Under an argon atmosphere, to a 500 ml, three-neck flask, 5.00 g of (6-bromopyridin-3-yl)boronic acid, 7.63 g of 2-bromo-5-iodobenzonitrile, 0.28 g of Pd(OAc)2, 1.02 g of SPhos, and 10.52 g of K3PO4 were dissolved in 120 ml of a deaerated mixture solvent of toluene/ethanol/water (10:1:2), followed by stirring at about 80 C. for about 12 hours. After finishing the reaction, water was added, and extraction with CH2Cl2 was conducted. An organic layer was separated and dried with MgSO4, and solvents were removed by distillation under a reduced pressure. The crude product thus obtained was separated by silica gel column chromatography to obtain 6.20 g (yield 74%) of Intermediate O. The molecular weight of Intermediate O measured by FAB-MS was 338.

Chemical properties determine the actual use. Each compound has specific chemical properties and uses. We look forward to more synthetic routes in the future to expand reaction routes of 1252046-13-1.

Reference:
Patent; Samsung Display Co., Ltd.; SAKAMOTO, Naoya; (128 pag.)US2019/296247; (2019); A1;,
Iodide – Wikipedia,
Iodide – an overview | ScienceDirect Topics – ScienceDirect.com

Some common heterocyclic compound, 1252046-13-1, name is 2-Bromo-5-iodobenzonitrile, molecular formula is C7H3BrIN, traditional synthetic route has been very mature, but the traditional synthetic route has various shortcomings, such as complicated route, low yield, poor purity, etc, below Introduce a new synthetic route. SDS of cas: 1252046-13-1

Under nitrogen condition, the compound B was dissolved in dioxane, and the compound A (0.9 equivalent) was added. Potassium phosphate (4.0 equivalent) was added, and Cut (0.2 equivalent) and 1,2-diaminocyclohexane (0.2 equivalent) were added.
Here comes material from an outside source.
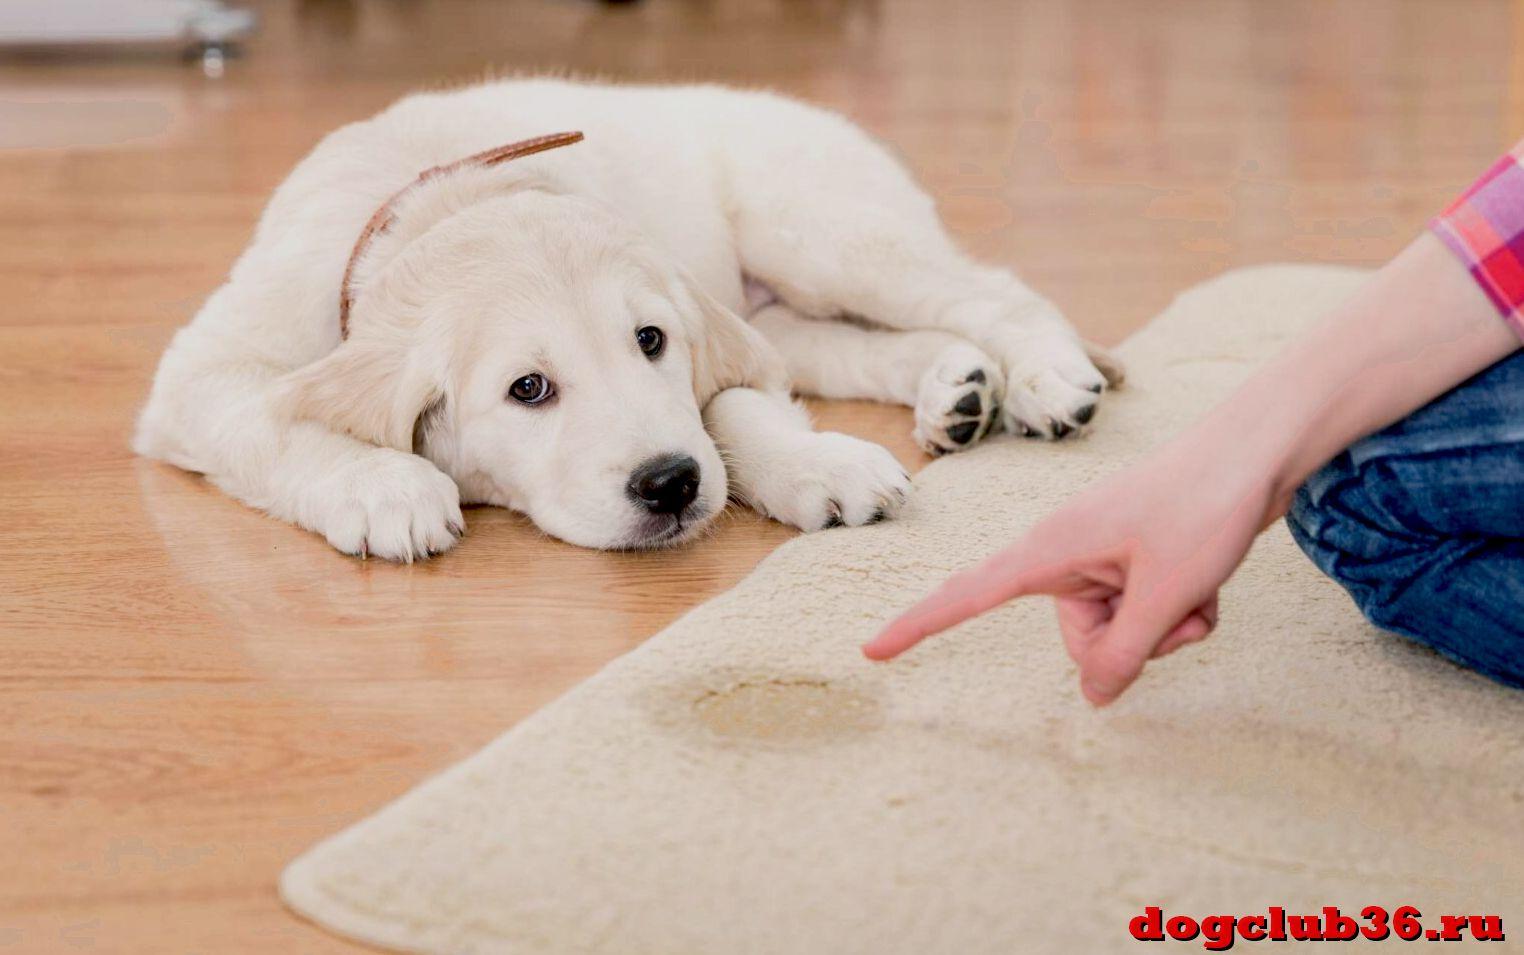 Почему собака начала метить в квартире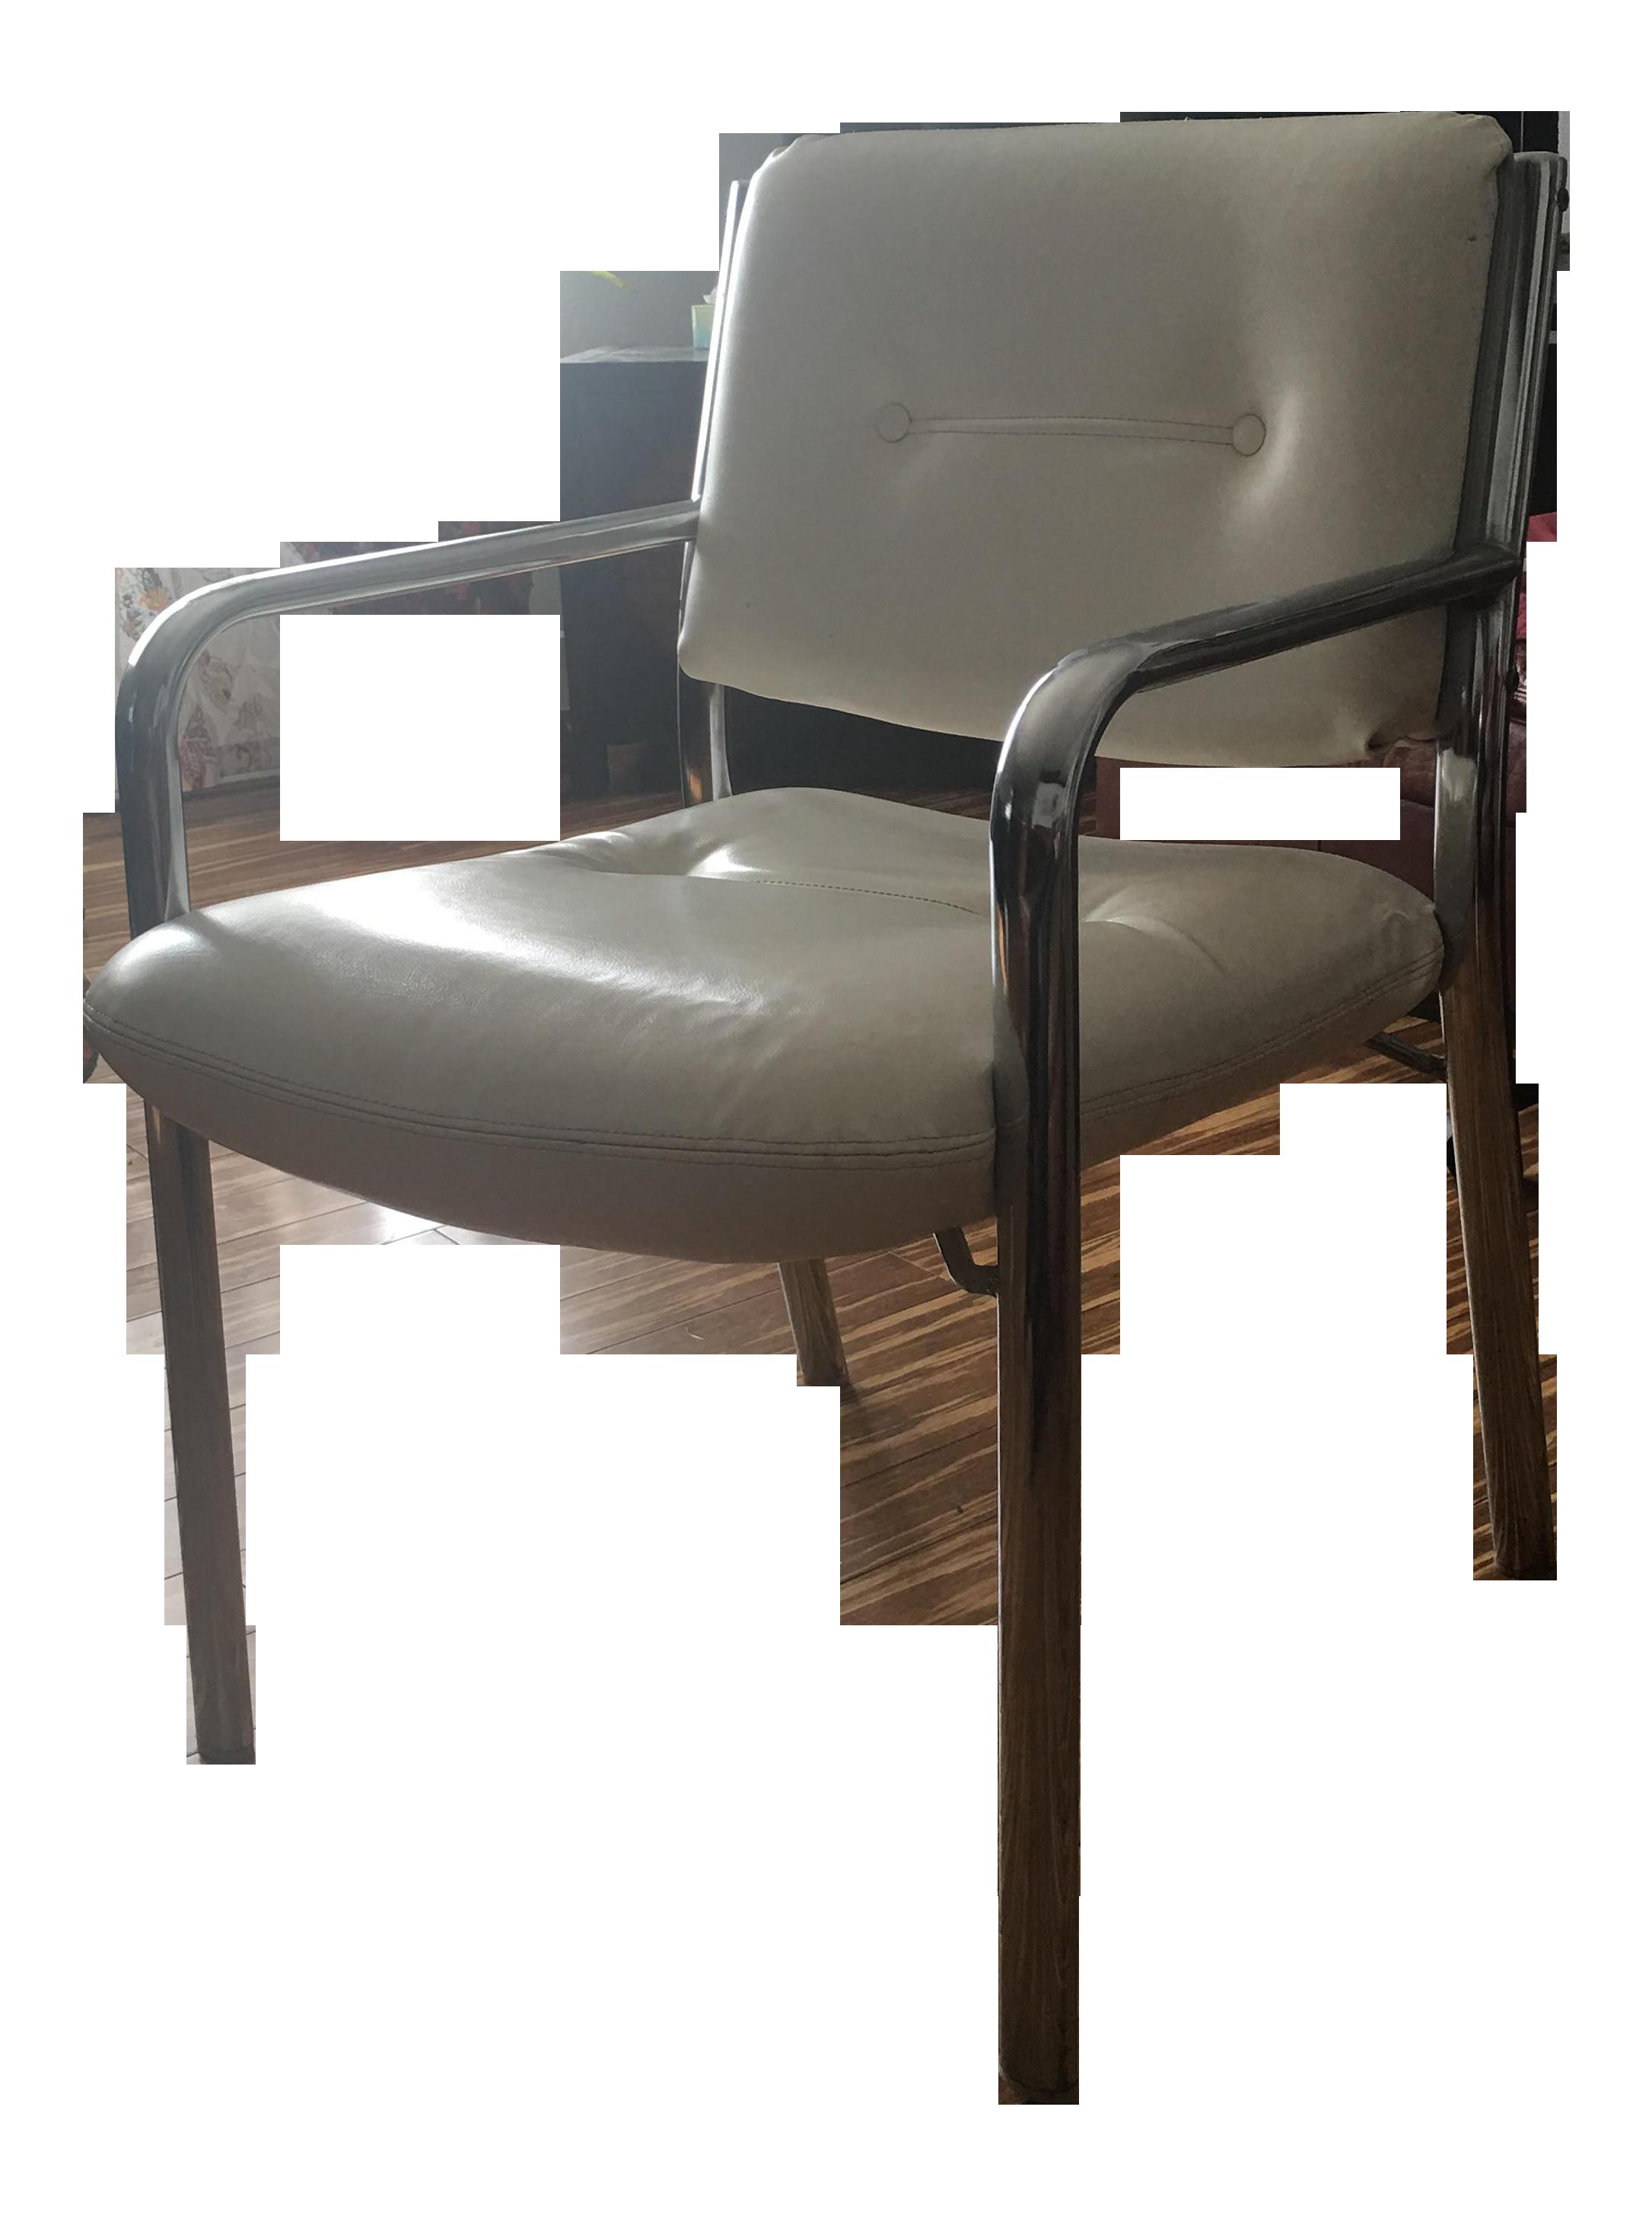 1970s Modern Milo Baughman Chrome Tubular Chair For Sale

The mixture was refluxed and stirred for 12 hrs, and then the reaction was finished. The resultant was extracted using an organic solvent, and the organic solvent was removed. The resultant was columned and reprecipitated such that the compound C was obtained.

These compound has a wide range of applications. It is believed that with the continuous development of the source of the synthetic route 1252046-13-1, its application will become more common.